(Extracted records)

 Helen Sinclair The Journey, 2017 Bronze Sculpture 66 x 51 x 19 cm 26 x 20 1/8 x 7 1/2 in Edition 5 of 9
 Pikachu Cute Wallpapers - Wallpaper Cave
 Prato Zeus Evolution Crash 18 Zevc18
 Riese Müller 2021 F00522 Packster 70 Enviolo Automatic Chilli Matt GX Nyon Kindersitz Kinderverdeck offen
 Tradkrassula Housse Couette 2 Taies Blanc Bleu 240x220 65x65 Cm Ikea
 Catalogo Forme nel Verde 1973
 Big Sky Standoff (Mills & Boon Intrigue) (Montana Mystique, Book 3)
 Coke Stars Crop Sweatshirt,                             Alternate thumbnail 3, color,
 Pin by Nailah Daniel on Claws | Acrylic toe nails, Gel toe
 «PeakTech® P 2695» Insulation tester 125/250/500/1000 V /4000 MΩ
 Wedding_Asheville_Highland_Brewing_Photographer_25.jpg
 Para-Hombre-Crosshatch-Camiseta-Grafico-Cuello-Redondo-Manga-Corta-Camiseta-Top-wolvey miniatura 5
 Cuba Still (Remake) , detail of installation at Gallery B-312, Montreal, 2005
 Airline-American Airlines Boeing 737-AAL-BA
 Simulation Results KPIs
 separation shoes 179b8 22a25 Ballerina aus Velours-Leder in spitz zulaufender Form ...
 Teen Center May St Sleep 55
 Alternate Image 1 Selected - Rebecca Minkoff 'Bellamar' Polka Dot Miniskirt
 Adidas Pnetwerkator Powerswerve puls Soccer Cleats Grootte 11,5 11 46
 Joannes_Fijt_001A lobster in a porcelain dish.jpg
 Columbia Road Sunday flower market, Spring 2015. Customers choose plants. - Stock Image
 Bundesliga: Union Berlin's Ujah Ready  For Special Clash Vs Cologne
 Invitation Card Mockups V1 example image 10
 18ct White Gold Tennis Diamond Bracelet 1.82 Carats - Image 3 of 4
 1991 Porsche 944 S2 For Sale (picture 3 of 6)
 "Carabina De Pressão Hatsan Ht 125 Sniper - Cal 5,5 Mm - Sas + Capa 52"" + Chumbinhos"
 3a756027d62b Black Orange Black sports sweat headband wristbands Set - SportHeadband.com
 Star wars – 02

_Task description_. The answer must consist of every line above that contains the word "Alternate".

_Result_.
 Coke Stars Crop Sweatshirt,                             Alternate thumbnail 3, color,
 Alternate Image 1 Selected - Rebecca Minkoff 'Bellamar' Polka Dot Miniskirt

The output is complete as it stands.